> Given information
************

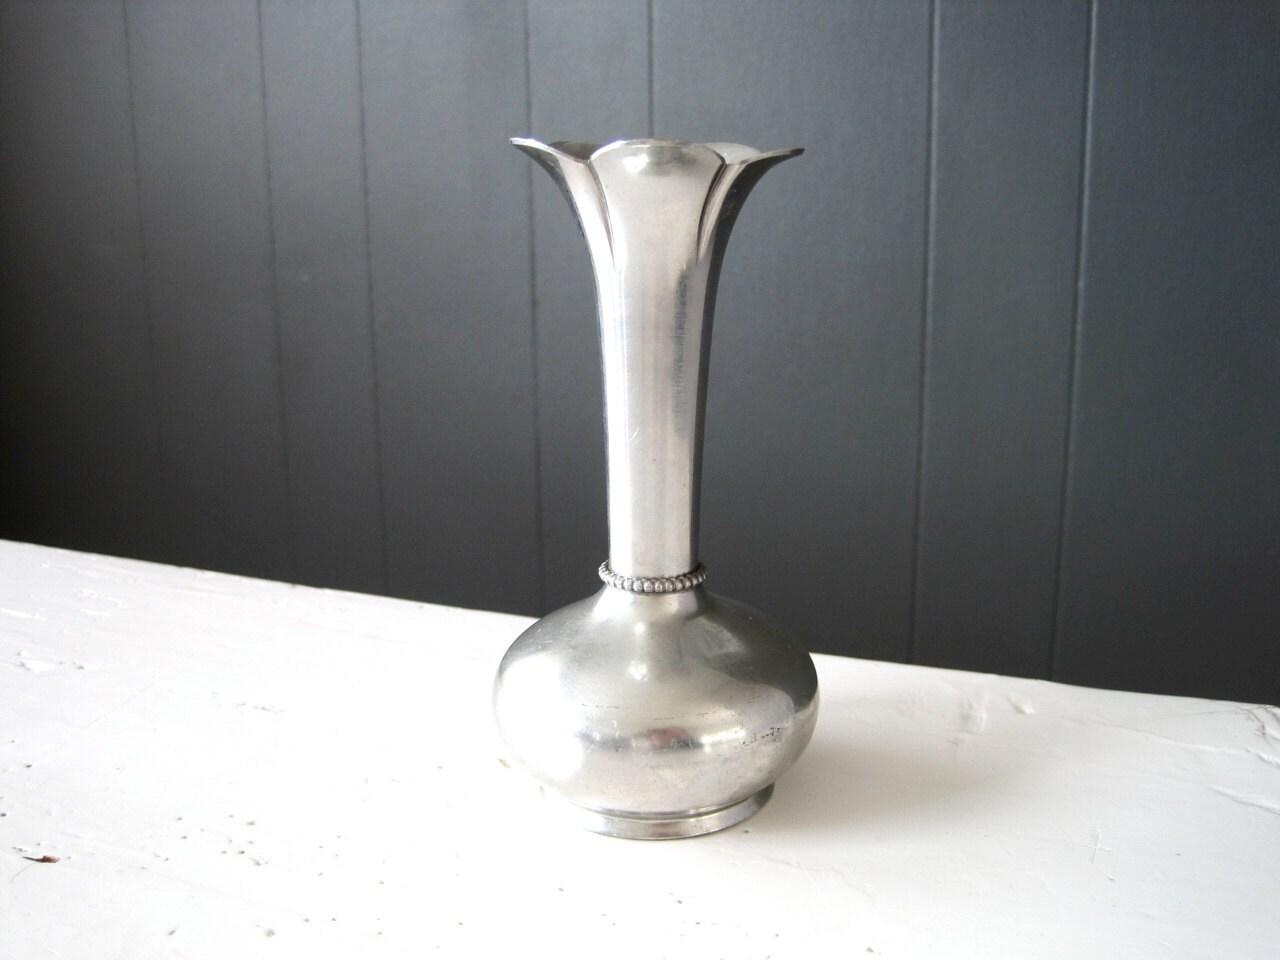 Vintage brdene mylius pewter vase small vase by bm tinn of description lovely small pewter vase reviewsmspy
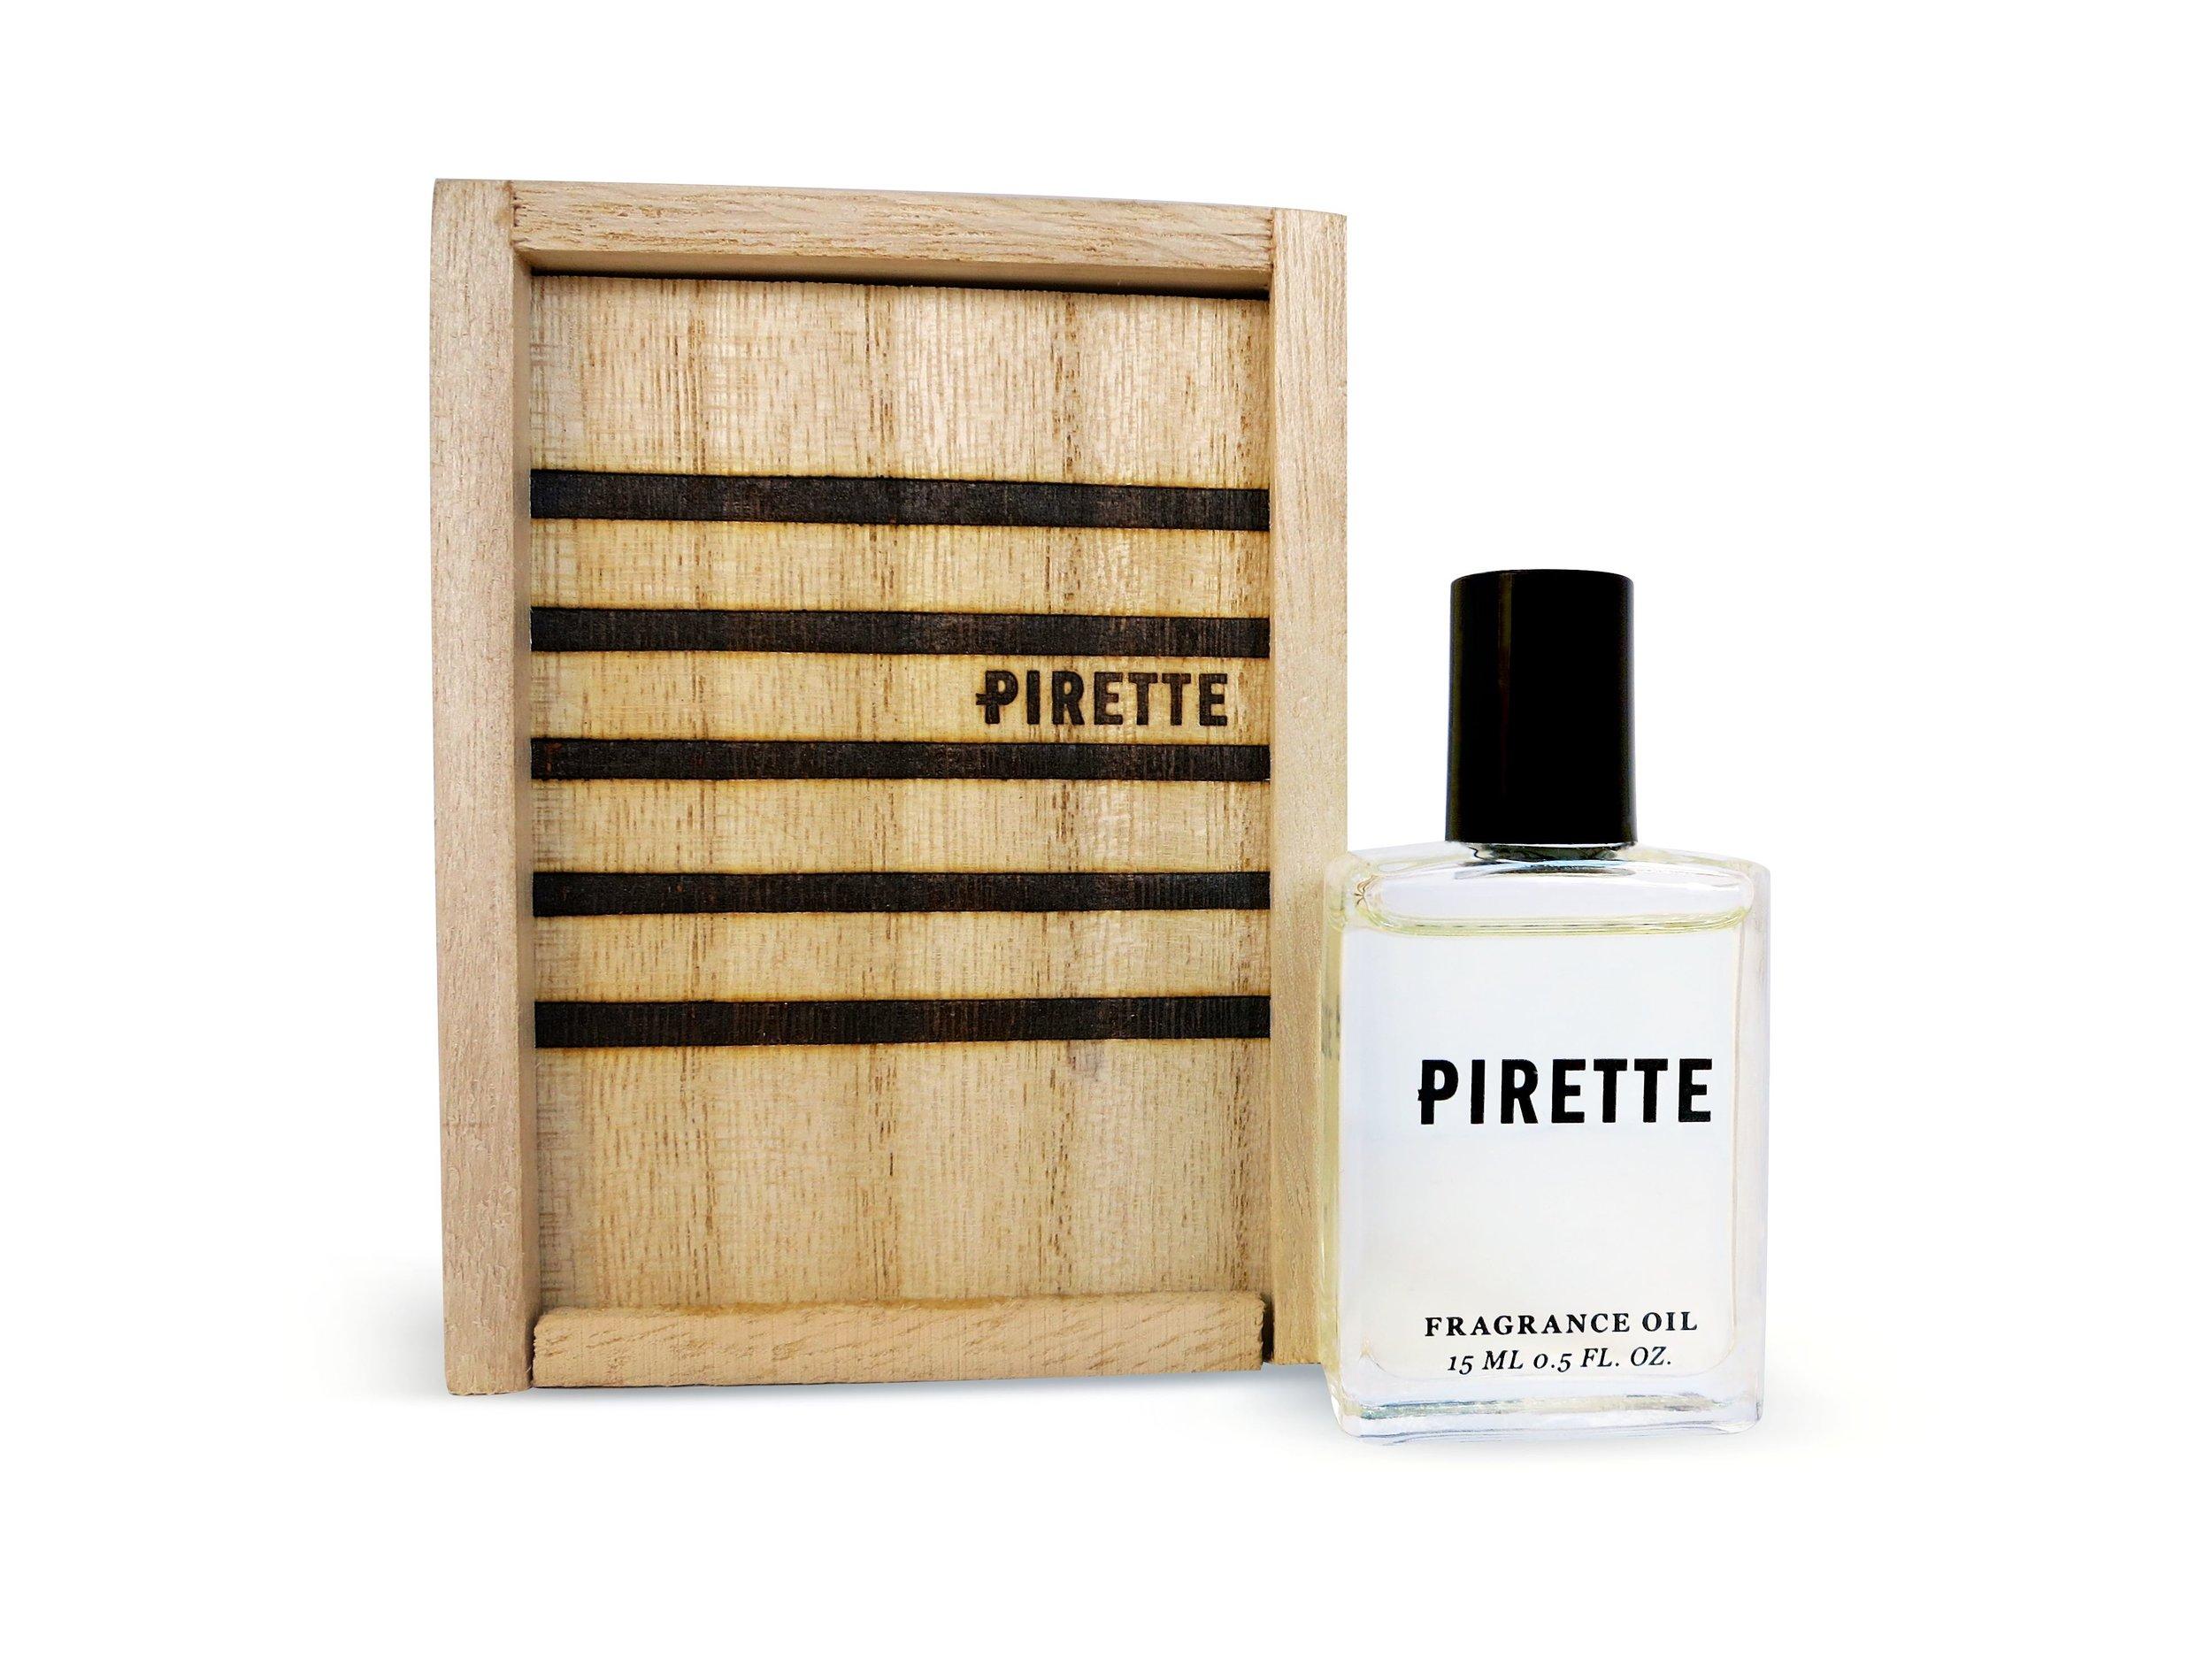 PIRETTE-Fragrance.jpg
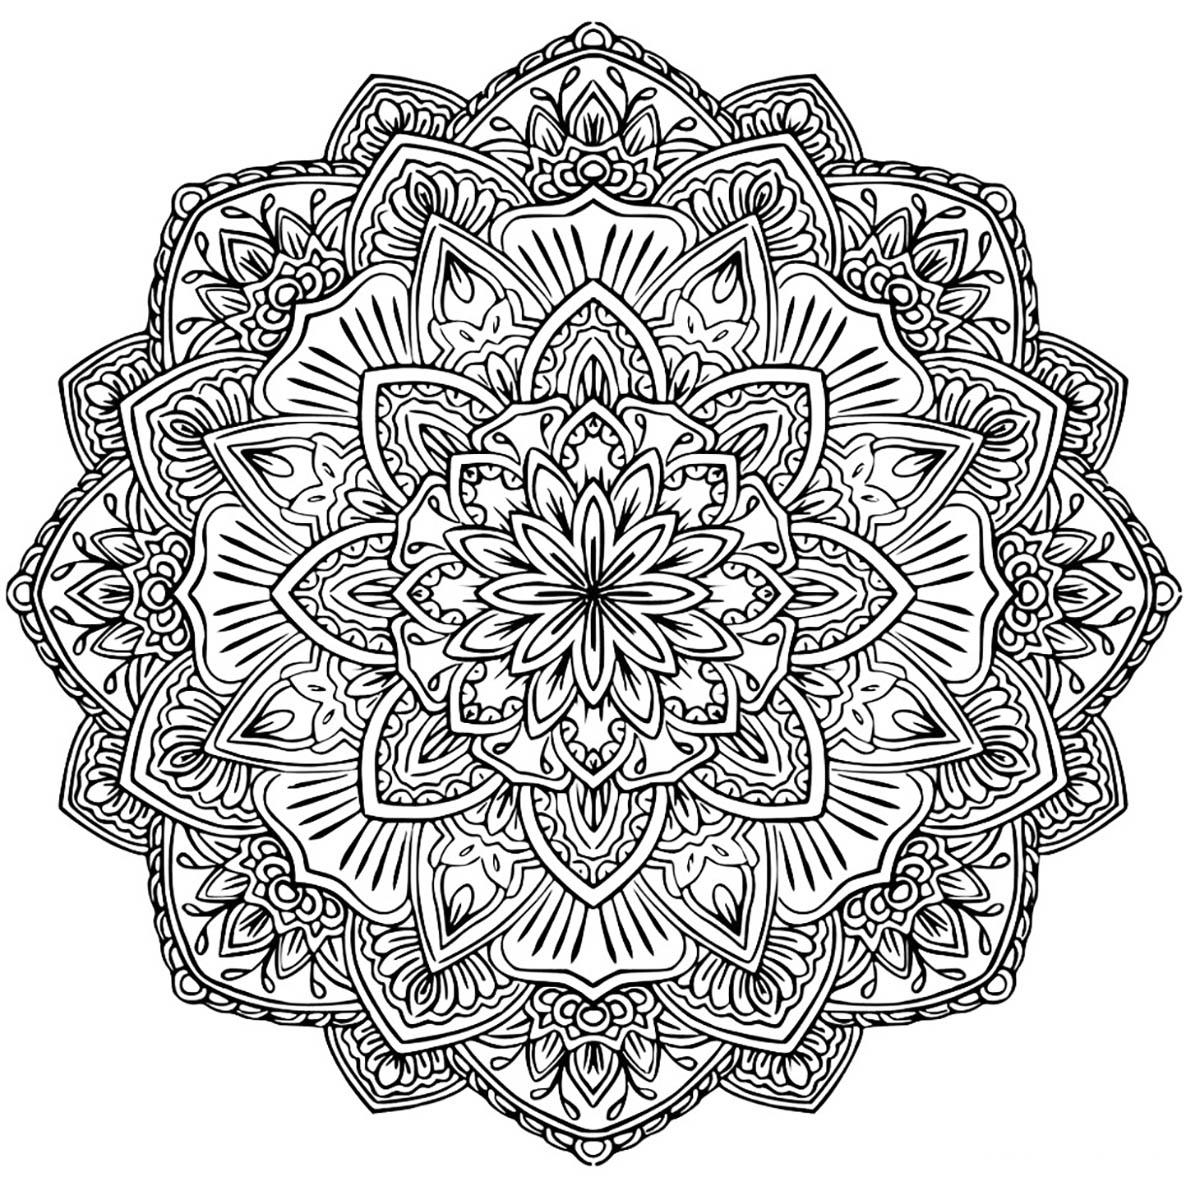 Coloriage Mandala Complique.Mandala A Colorier Gratuit Fleurs Difficile Mandalas Difficiles

************

> What you need to do
Working from the line that contains "PIRETTE-Fragrance.jpg" to the last line of the listing, please quote each line exactly, pictures excluded.

> Answer box
 PIRETTE-Fragrance.jpg
 Coloriage Mandala Complique.Mandala A Colorier Gratuit Fleurs Difficile Mandalas Difficiles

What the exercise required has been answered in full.